- Born: Balthazar Armas 1941 Caracas, Venezuela
- Died: January 1, 2015 (aged 74) Caracas, Venezuela
- Education: Instituto de Diseño Fundación Neumann-INCE Centro de Enseñanza Gráfica (CEGRA) Self-taught artist
- Known for: Painting, engraving, graphic arts
- Notable work: Andé Andé (2003), Botánica (2007), Sobre el Vuelo (2007)
- Style: Contemporary figurative art, postmodernism
- Movement: Latin American modernism, social realism
- Awards: Havana Biennial, Library of Congress recognition, Art Museum of the Americas, Washington D.C., Premio Braulio Salazar, Salón Arturo Michelena

= Balthazar Armas =

Venezuelan artist

Balthazar Armas. "La Escena", Primer Premio II Salón Nacional de Grabado

Balthazar Armas (Caracas, Venezuela, 1941 – 2015) is considered one of the pioneers of the contemporary figurative art movement in Latin America, where the industrial and urban influences in his paintings make them both approachable and distinctive. His most recent work exhibits a postmodern influence, reflected in the presence of social narratives, indigenism, and social criticism. His most recent series, Andé Andé (2003), Botánica (2007), and Sobre el Vuelo (2007), convey the energy and mysticism of the people and environments of Latin American cultures.

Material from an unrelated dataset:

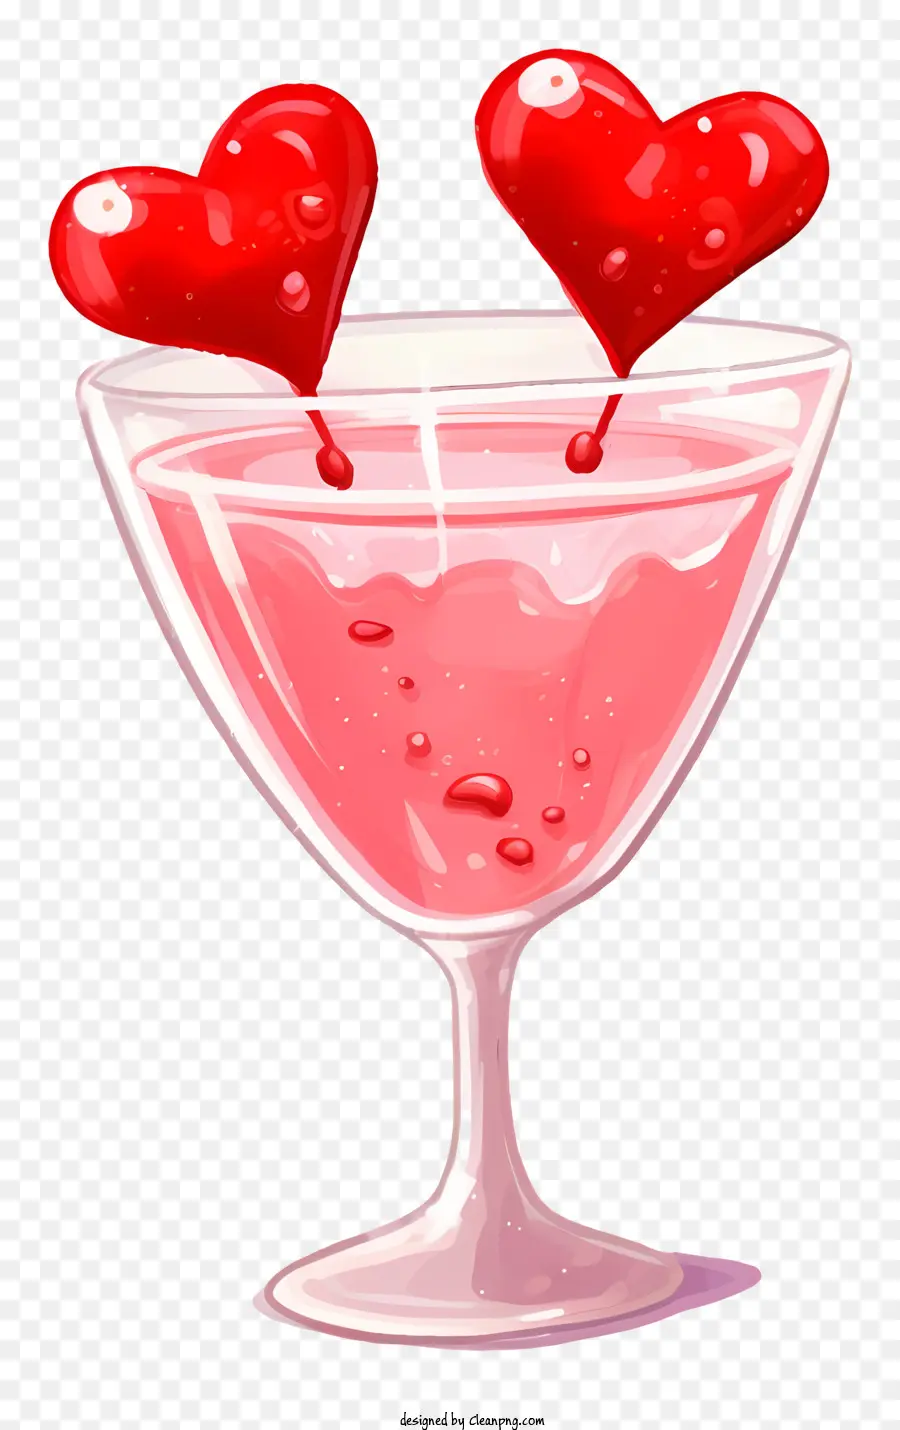 Bàn tay vẽ ngày lễ tình nhân cocktail martini martini martini martini pink cocktail - Kính Martini với chất lỏng màu hồng và trái tim

Born in Caracas, Venezuela, he began as a self-taught artist in the 1950s and participated in the experimental theater movement at the Academy of Dramatic Art Carmen Antillano in Caracas. He later studied at the Neumann Institute of Graphic Arts and the Center for Graphic Studies (CEGRA) with a focus on engraving. Balthazar's first solo exhibitions date back to 1966, and he has since participated in numerous design, engraving, and art exhibitions across Latin America, Europe, and the United States, including at MOKA Gallery in Chicago, Illinois.

His awards and recognitions includes the Pratt Institute, Havana biennial, IE in Norway, Library of Congress, Art Museum of the Americas in Washington D.C, IE Gracovia, Poland, Premio "Braulio Salazar" Salón de Artes Arturo Michelena, Venezuela, and more.

== Education ==

- Self-taught Artist. 1953/58. Caracas.
- Acting and Stage Scene. Academia de Arte Dramático Carmen Antillano. 1962/64. Caracas.
- Drawing. Instituto Académico de Bellas Artes 62/66. Caracas.
- Industrial Design. Instituto de Diseño, Fundación Newmann-INCE. 1967/70. Caracas.
- Graphic Arts. Specialty: Engraving. Centro de Enseñanza Gráfica, CEGRA. 1978/80. Caracas.

== Academic contributions ==

- CEGRA Centro de Enseñanza Gráfica, Caracas.
- Language, Communication y Visual Thought. 1977.
- Hand-made Paper Crafting. 1978.
- Paper Conservation and Paper-based Art. 1979.
- TAGA Taller de Artistas Gráficos Asociados, Caracas. Colografía. 1979
- Museo de Arte Moderno de Latinoamérica (OEA) Washington DC. 1982.